Gene structure, Chromosomal locations and promoter analysis:
Distribution of Zmcyps occurred in all the 10 chromosomes. However, percentage of distribution is uneven. For example 1 st chromosome contain the highest percentage of distribution (20. 93) with 9 zmcyps followed by 18. 6% on 5 th chomosome, 13. 9% on 2 nd , 6 th and 7 th chromosomes, 9. 3% on 8 th and 9 th chromosomes, 6. 9% on 3 rd and 4 th chromosome and lowest percentage (2. 3%) on 10 chromosomes. Naming has given based on ascending order of their physical location on chromosomes as ZmCYP1 to ZmCYP47. It was also observed that very less number of cyps located on centromeric regions and most of them were found in chromosomal ends which indicate that possible role of segmental duplications in the course of evolution. Further, the expansion of zmcyp family was discussed clearly in gene expansion and synteny sub headings. The schematic diagram of zmcyps distribution on each chromosome is depicted in Fig.

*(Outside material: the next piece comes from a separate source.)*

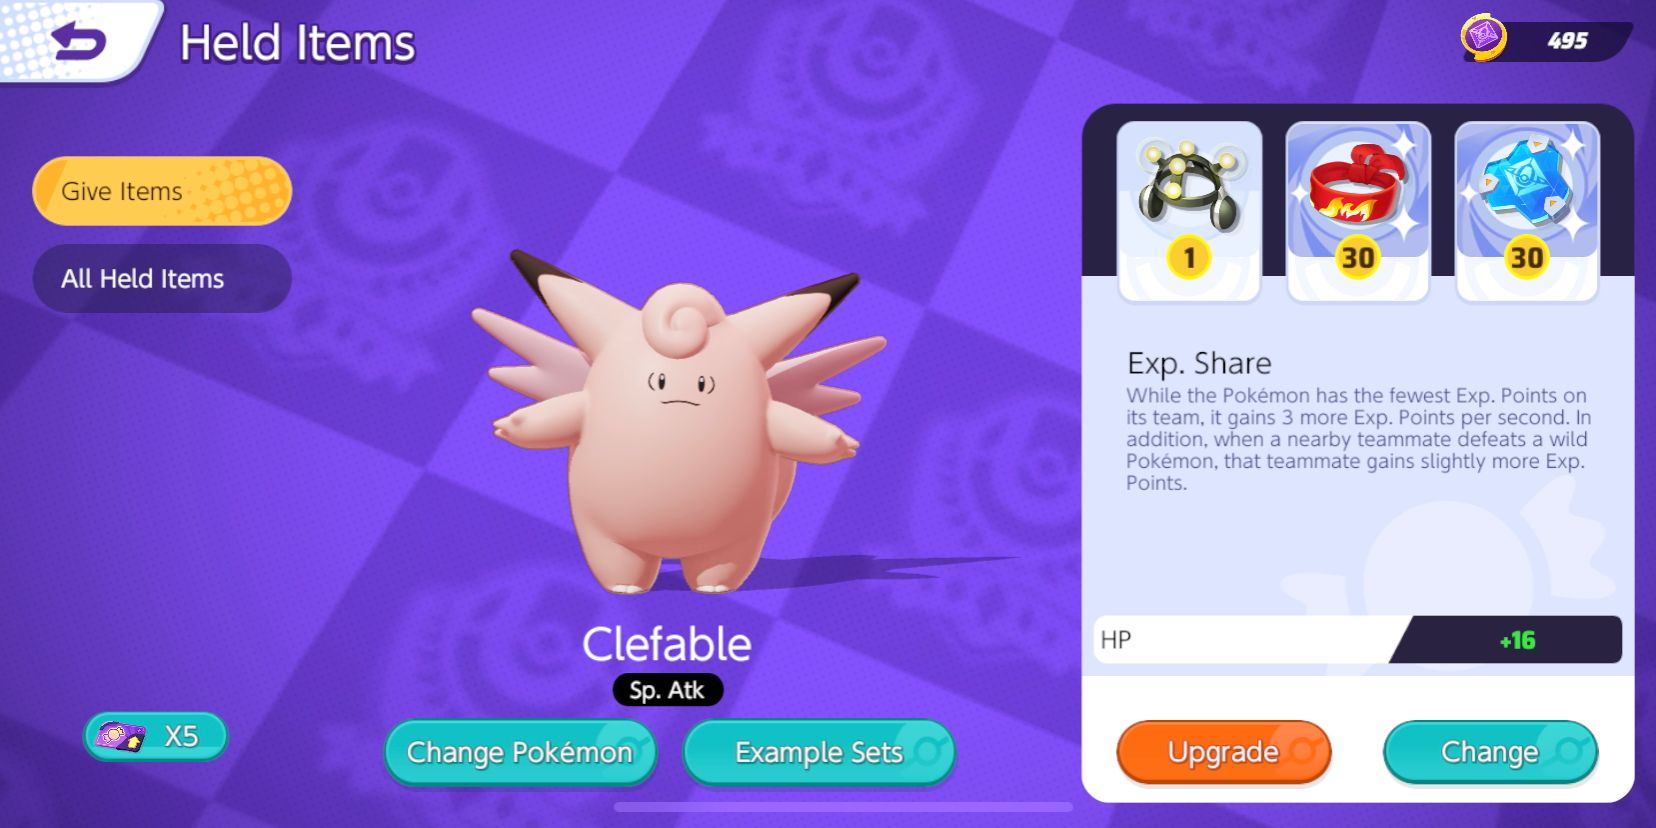 Clefable Held Item customization screen with Exp. Share, Focus Band, and Buddy Barrier equipped

Gene structure analysis revealed that, varying lengths of zmcyps has observed. For example zmcyp5 has contained least no of base pairs (412) and zmcy28 has contained highest number of base pairs (32, 725). These vast variations are due to varying number and lengths of introns. For instance zmcyp 7, 22 and 26 contain highest number (12) of introns in their ORF regions whereas, zmcyp 1, 6, 8 and 9 contains no introns in ORF. 5’ and 3’ UTRs are considered to be as important regulatory elements, out of 47 zmcyps only zmcyp14, 26 and 33 contains one intron in 5’ UTR region and the remaining were intron less 5’ UTRs. However, none of the zmcyps contained introns in the 3’UTR regions. These variations are may be due to gain or loss of exons/introns or exonization/pseudo exonization or Insertion/deletions (Xu et al, 2011) in course of evolution. This gene structural divergence may be one of the reasons for structural and functional diversity of different Zmcyp peptides.
Promoter analysis:
5’ upstream positions (500-1000bp) from translational start site considered as promoter sequences. Various types of cis regulatory elements are present in this region. In the present study 47 zmcyp promoter sequences retrived from maize genome database and subjected for analysis by PlantCare data base for finding out cis elements. These cis elements are considered as switches for transcription regulation.